§ Information supplied:
BEGIN

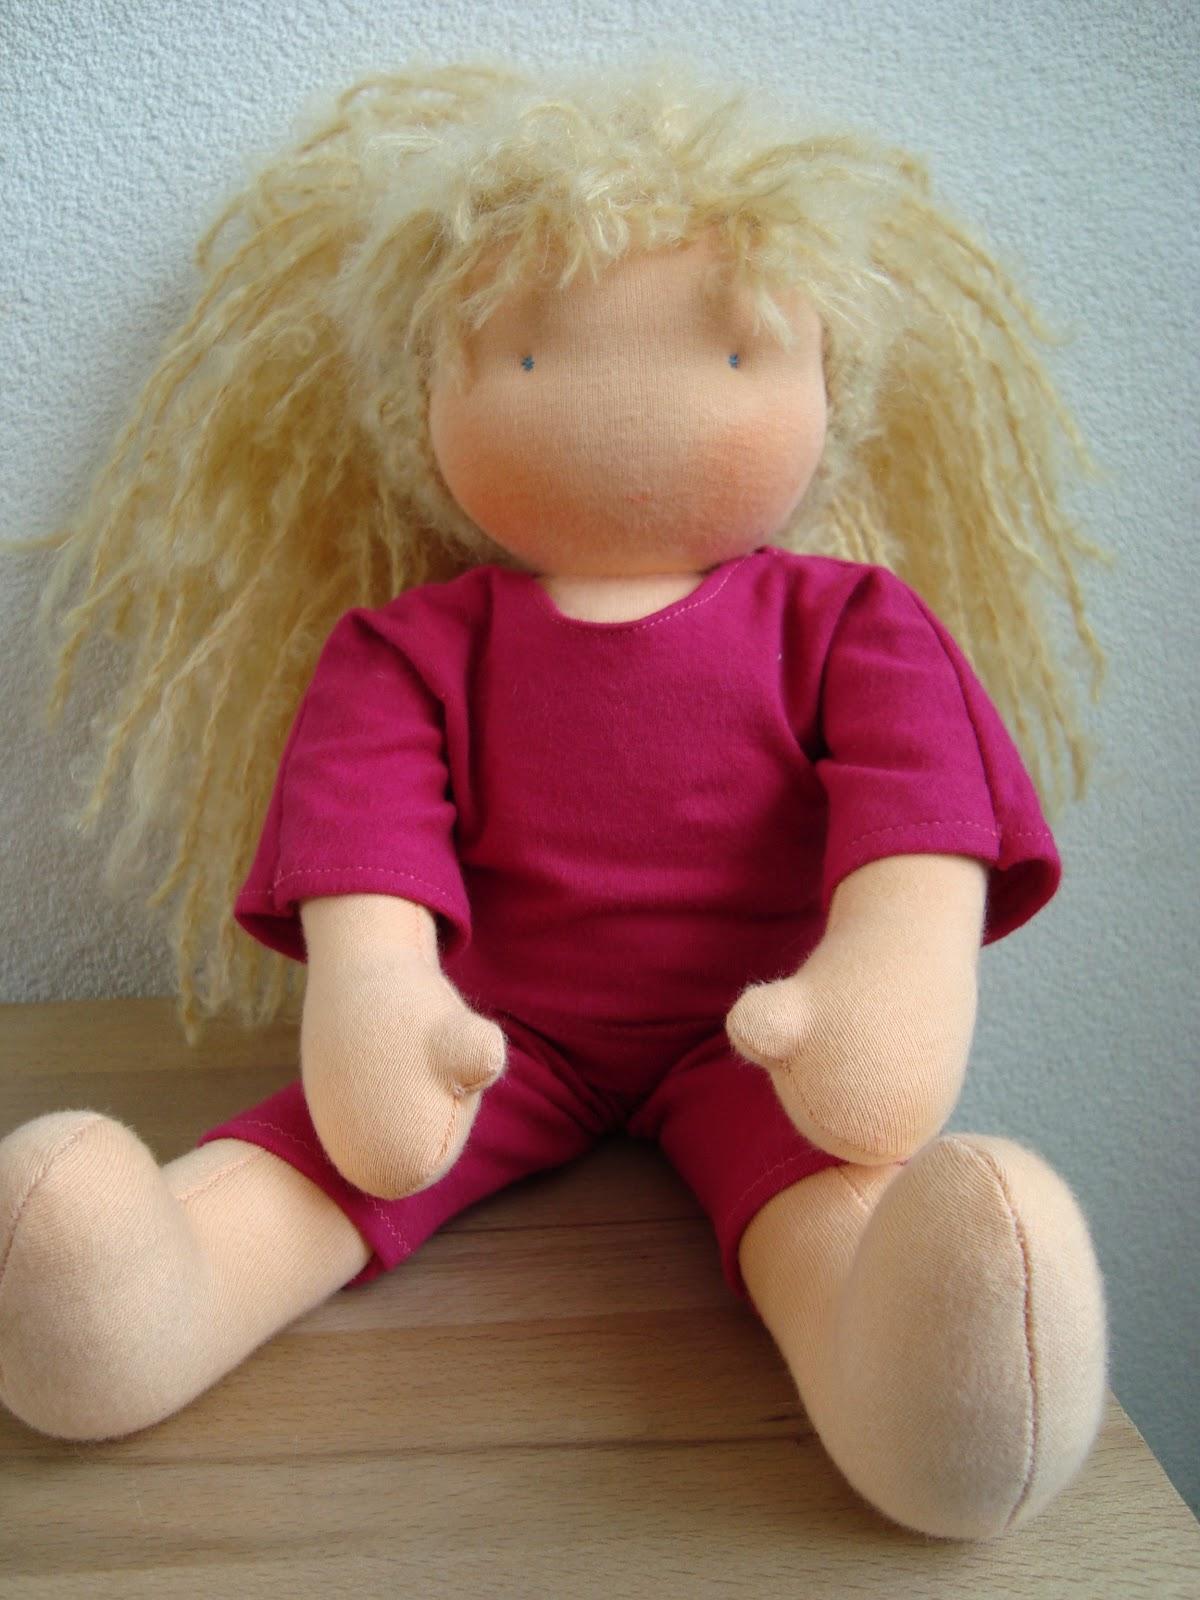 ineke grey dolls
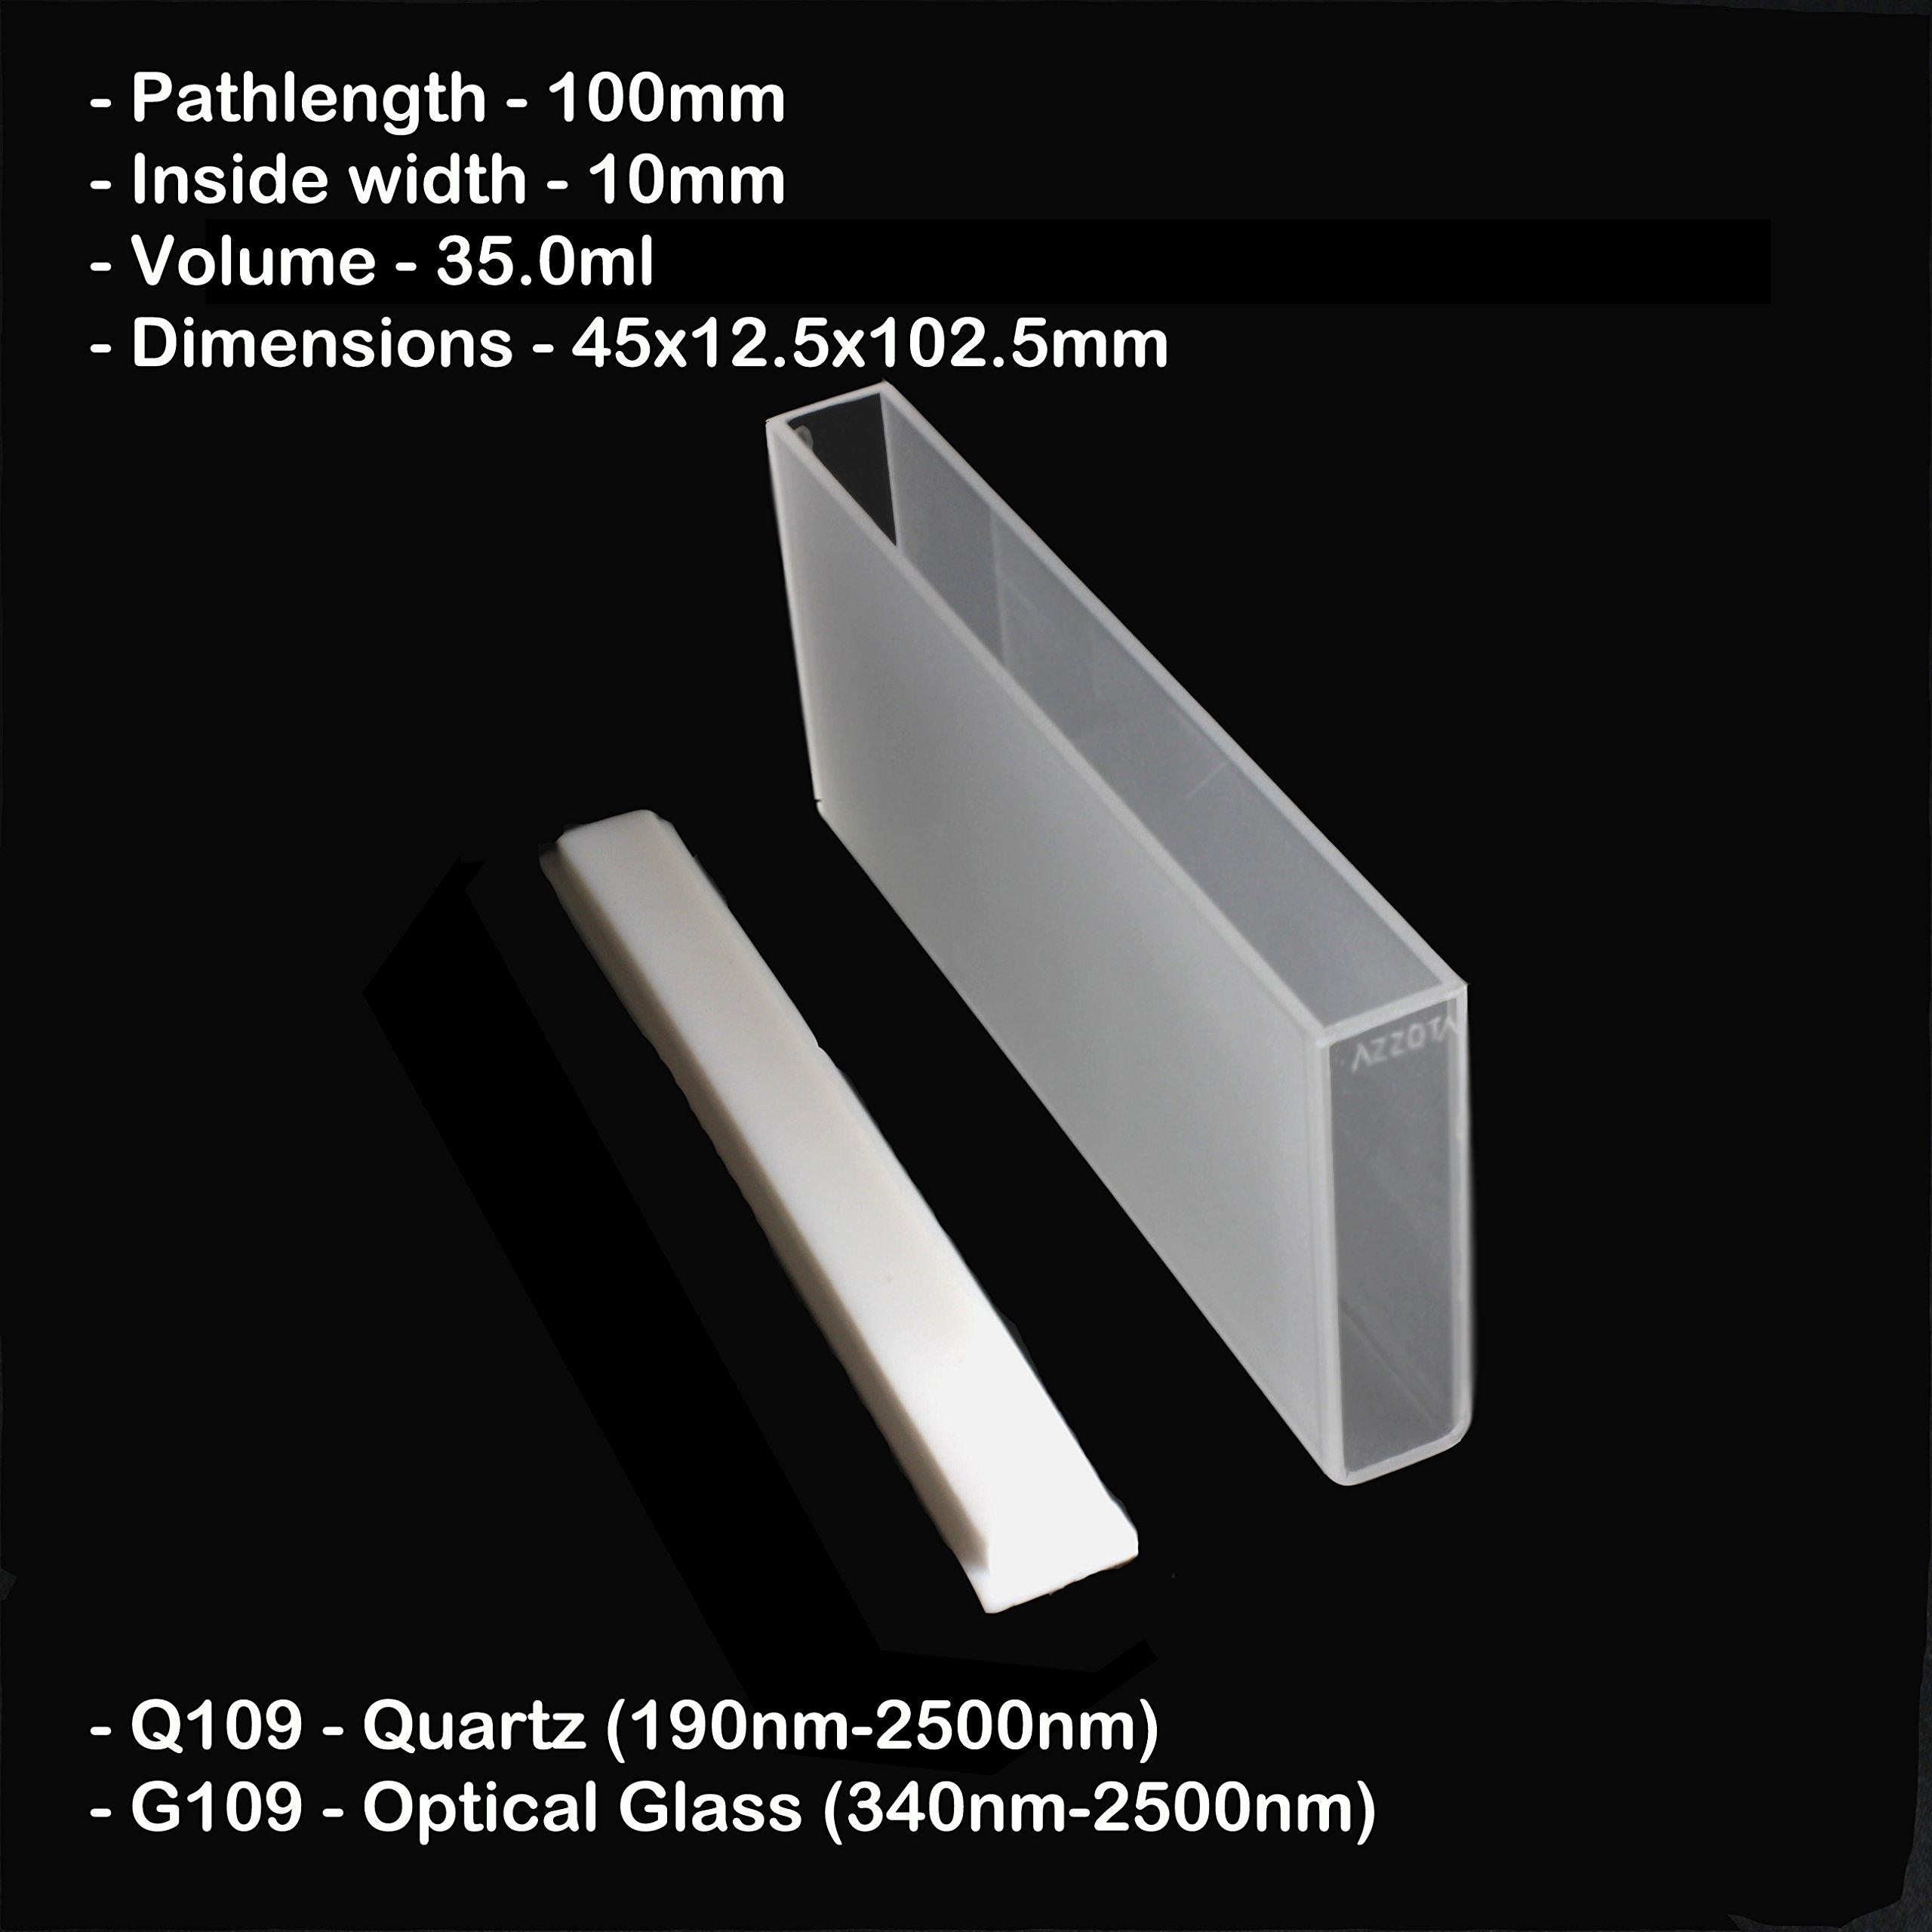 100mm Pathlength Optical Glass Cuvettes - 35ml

END
BEGIN

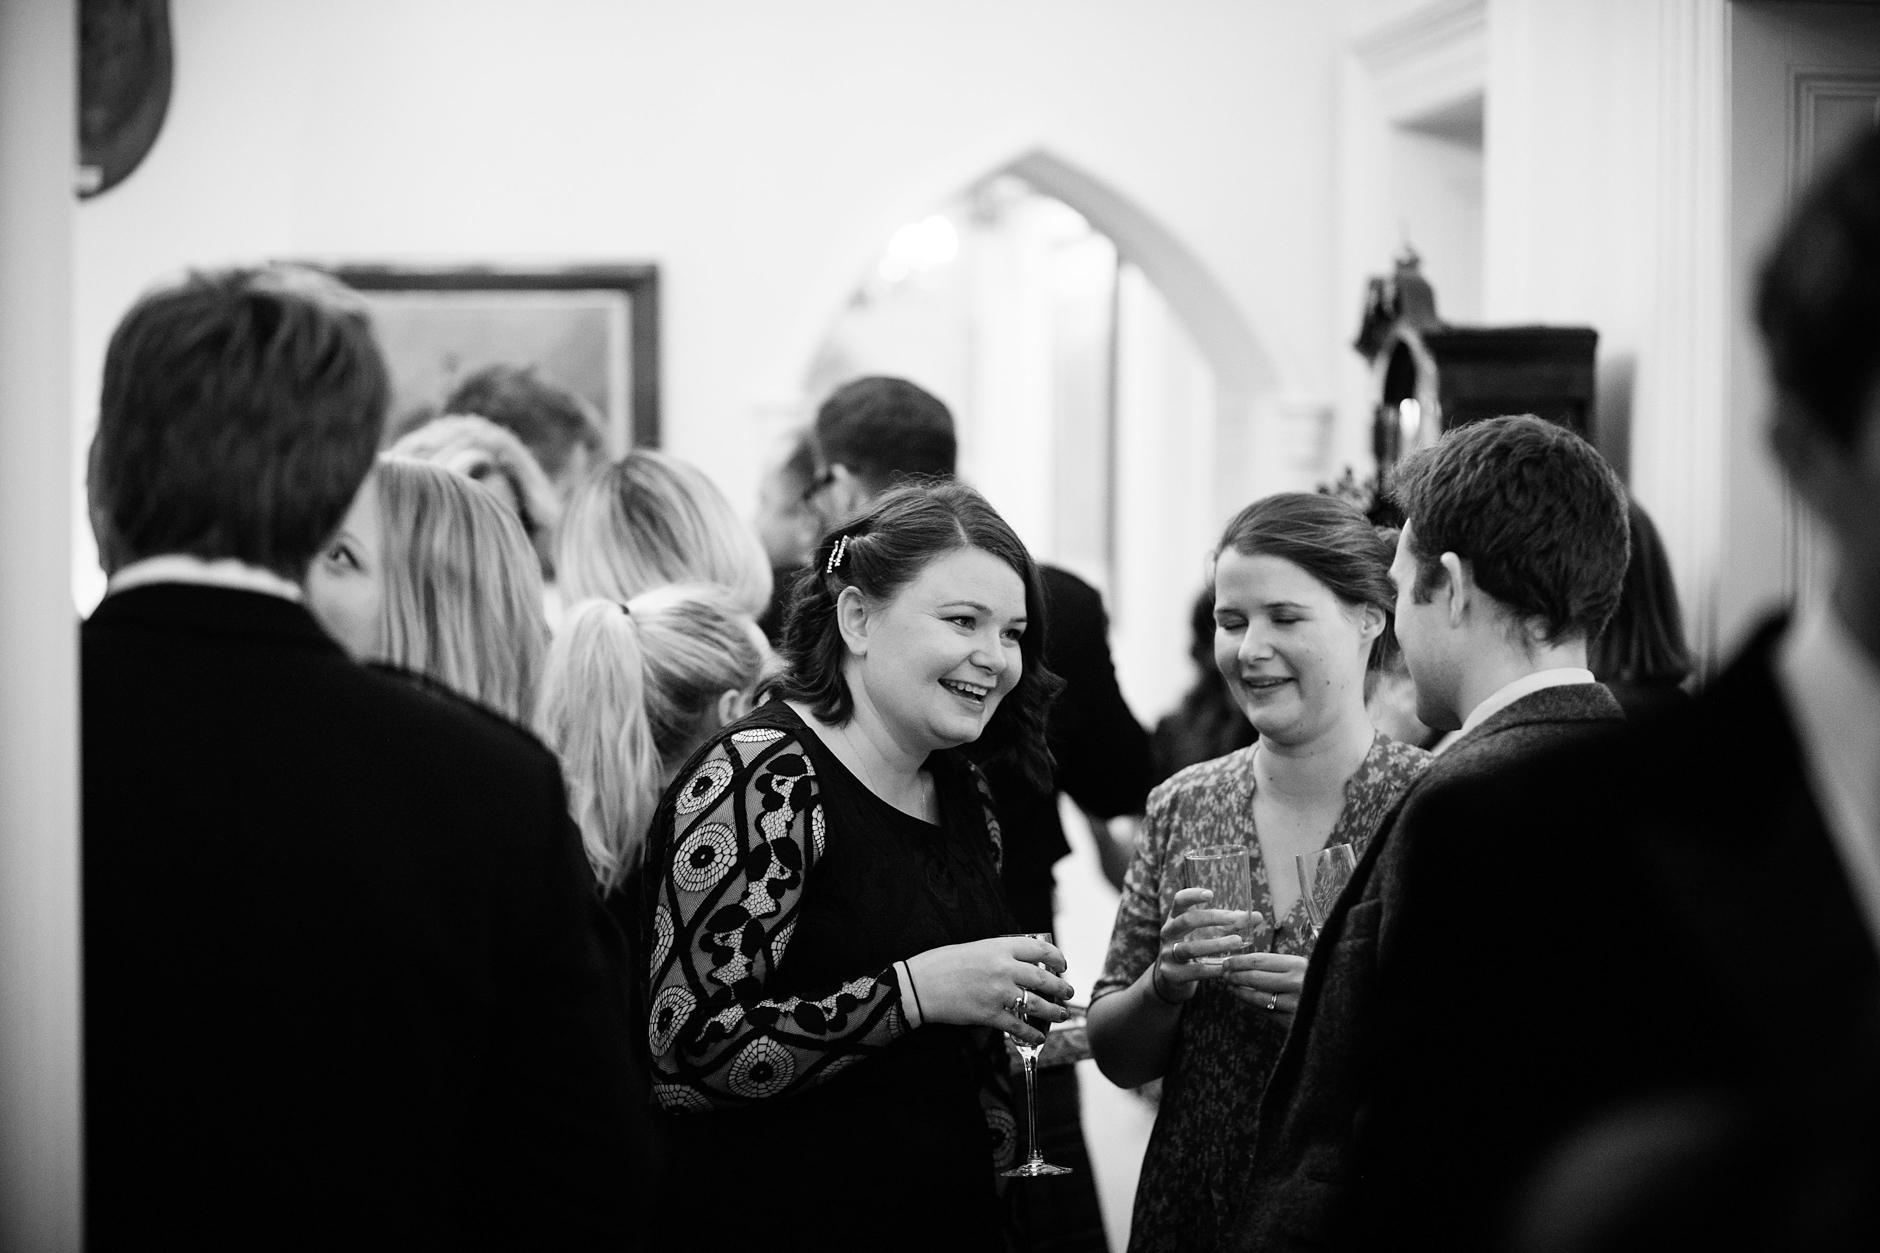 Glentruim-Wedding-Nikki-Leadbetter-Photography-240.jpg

END

§ Task goal: Copy only what lies between the line with "ineke grey dolls" and the line with "100mm Pathlength Optical", those two lines included, exactly as given above; pictures stay out.

§ Answer section:
 ineke grey dolls
 100mm Pathlength Optical Glass Cuvettes - 35ml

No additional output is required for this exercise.